* **What you have to do**
All that is needed is an exact repetition of the lines from the one containing "Wool Rich Wool" through the final line of the material, without pictures.

* **Material provided**
- - -
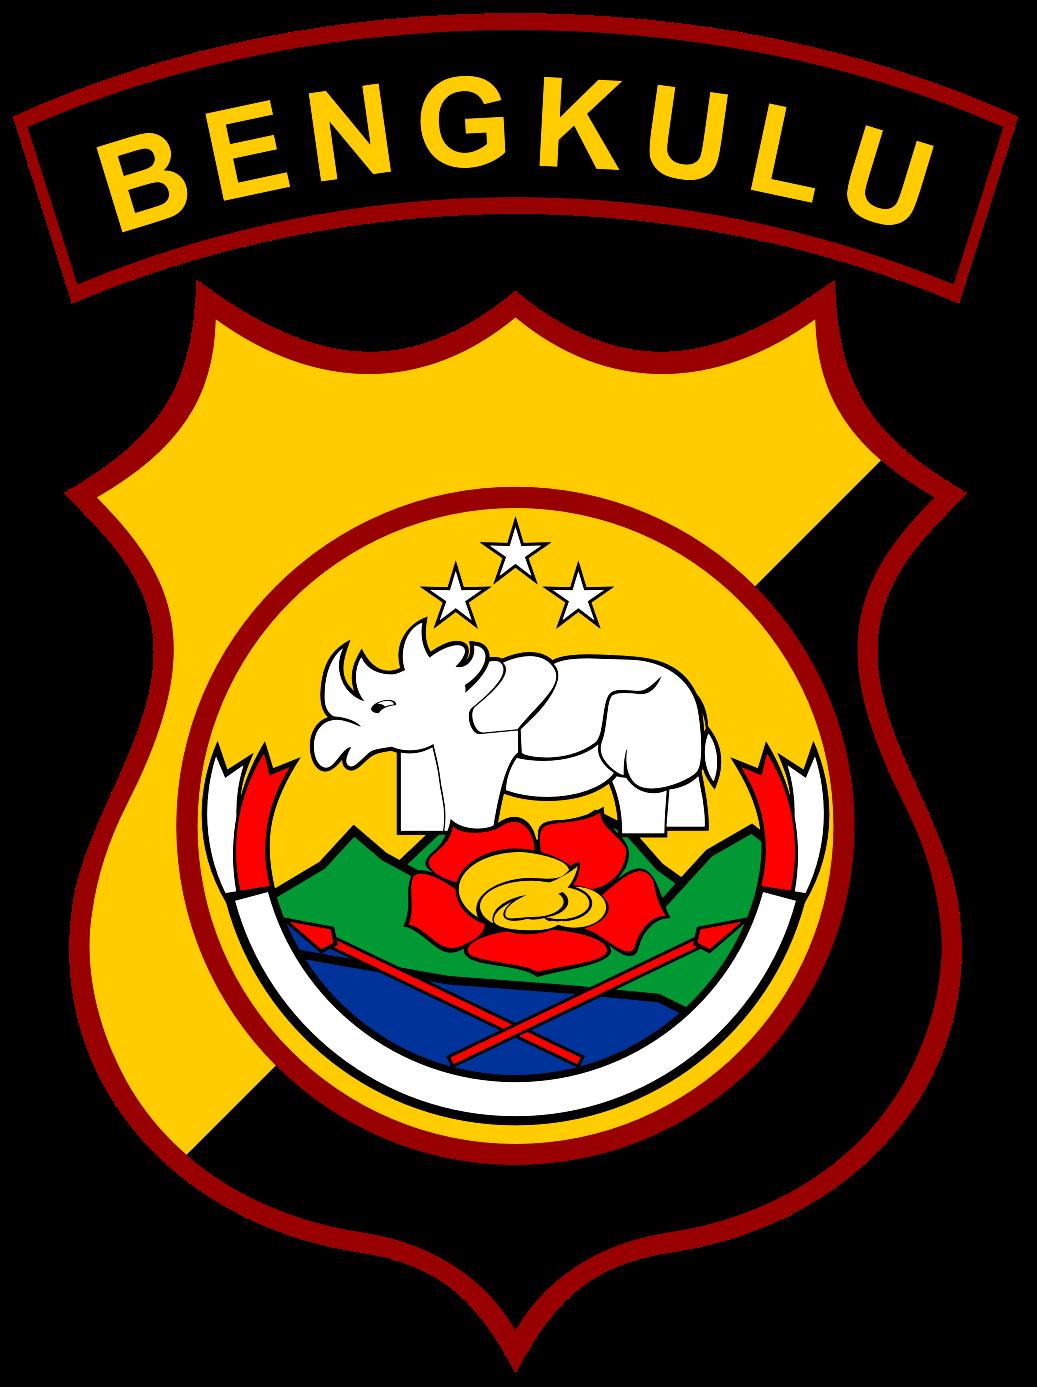 Logo Polda Bengkulu - Ardi La Madi's Blog
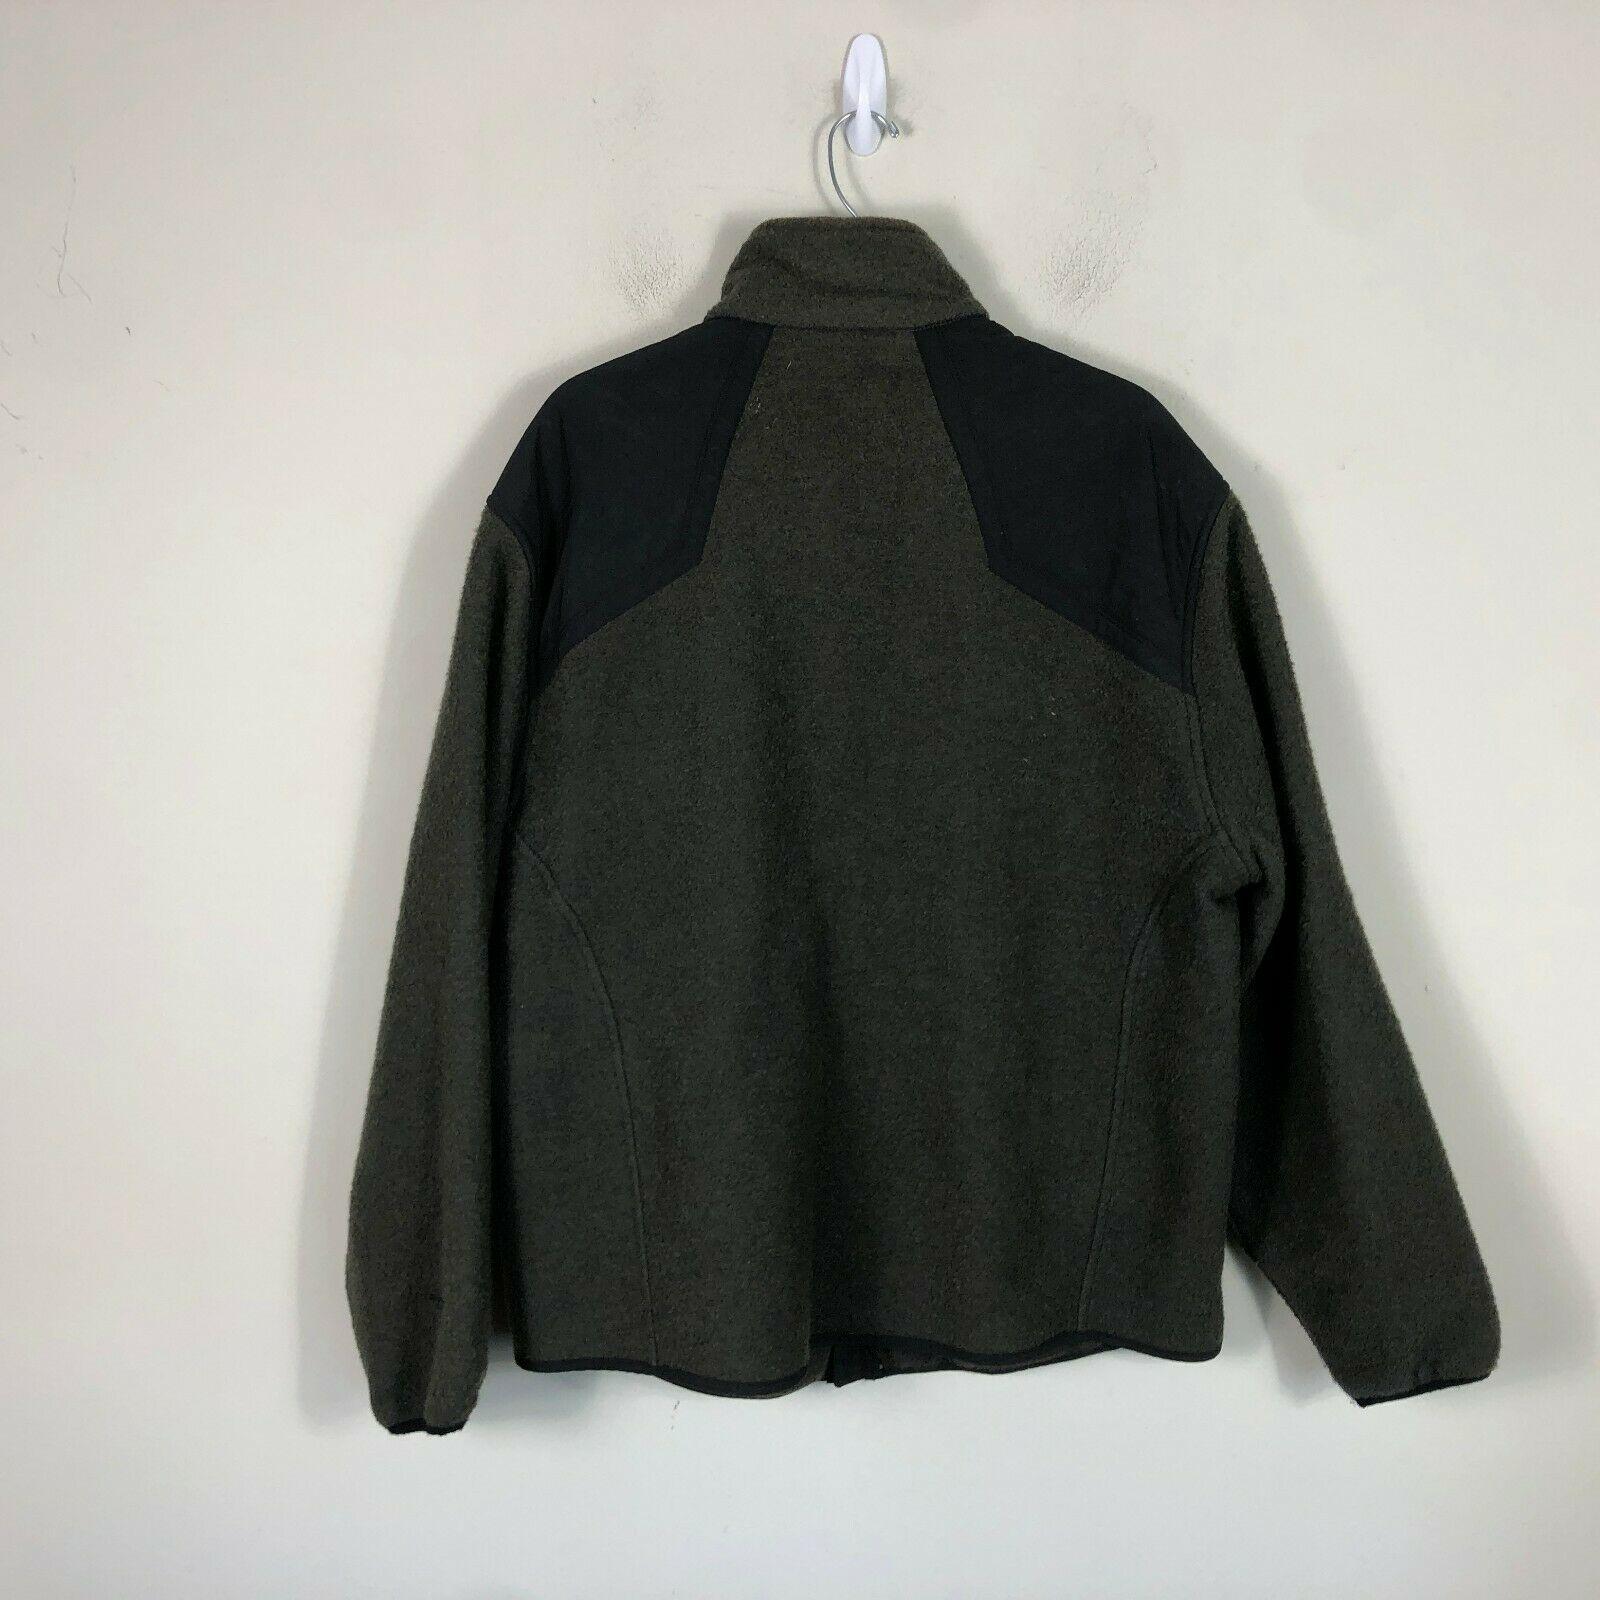 Wool Rich Wool Fleece Jacket Men's L Green Wool Blend Thick Winter Coat image 2
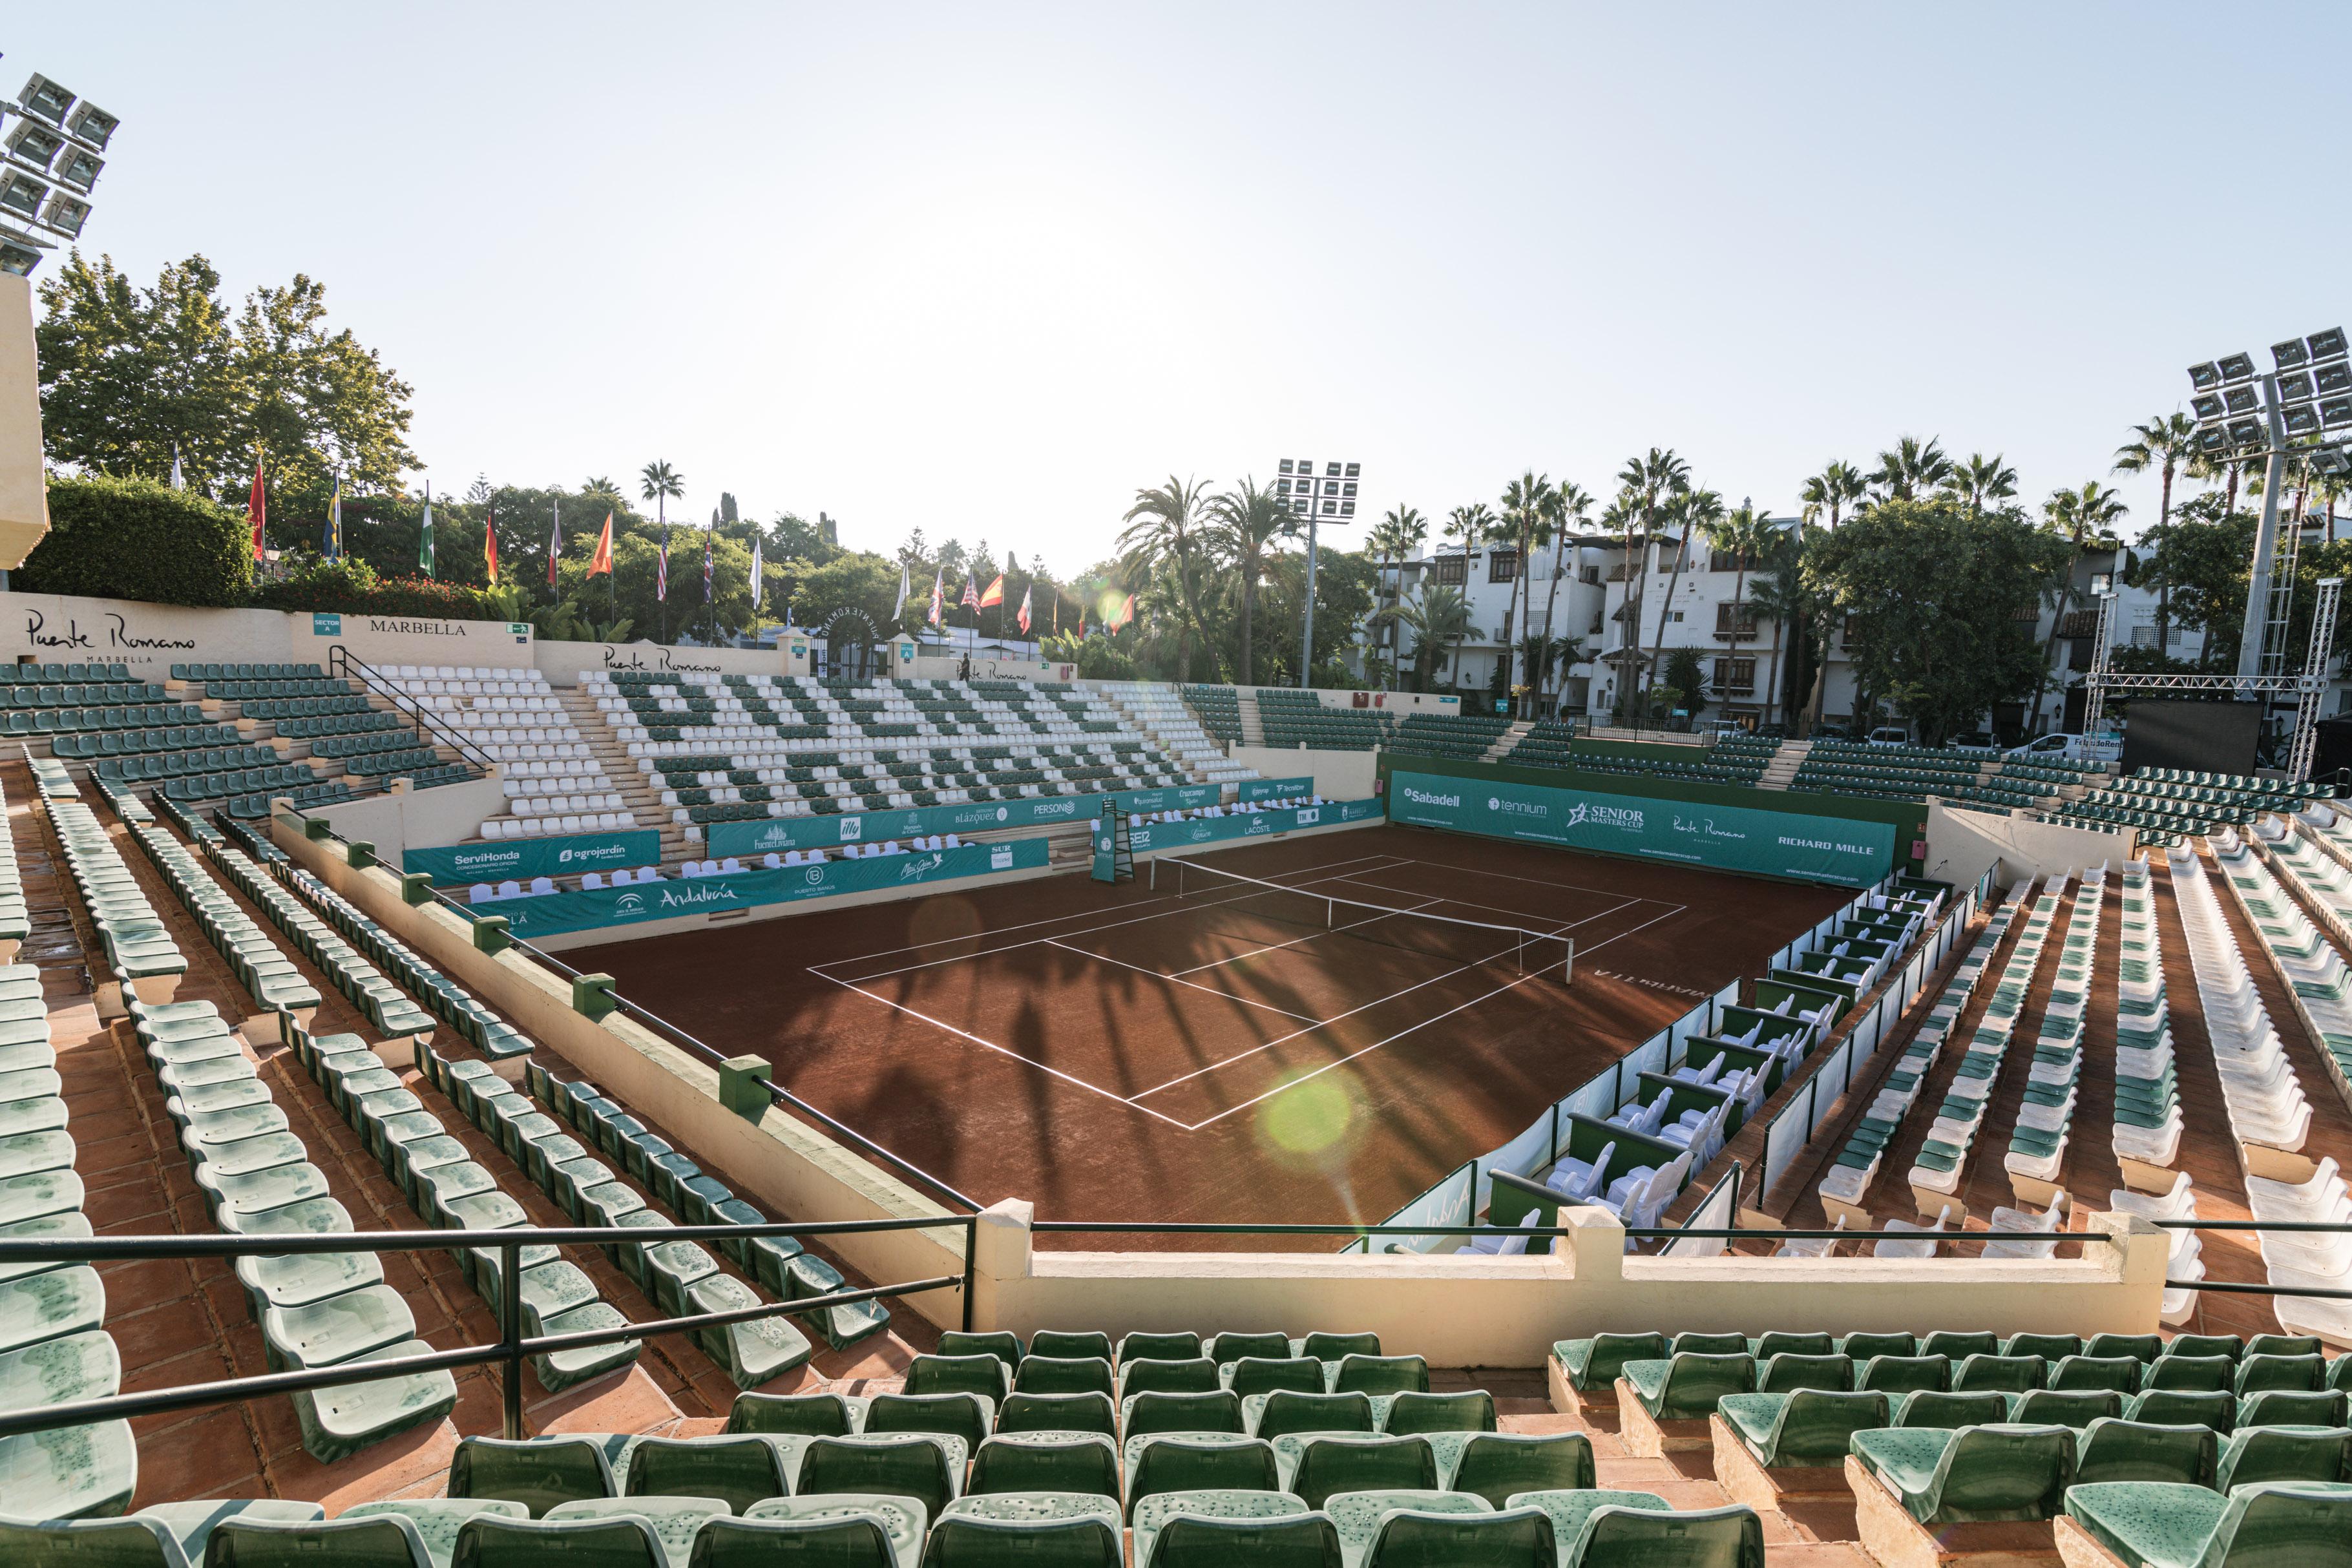 club-de-tenis-puente-romano-4
- - -
* **Solution**
 Wool Rich Wool Fleece Jacket Men's L Green Wool Blend Thick Winter Coat image 2
 club-de-tenis-puente-romano-4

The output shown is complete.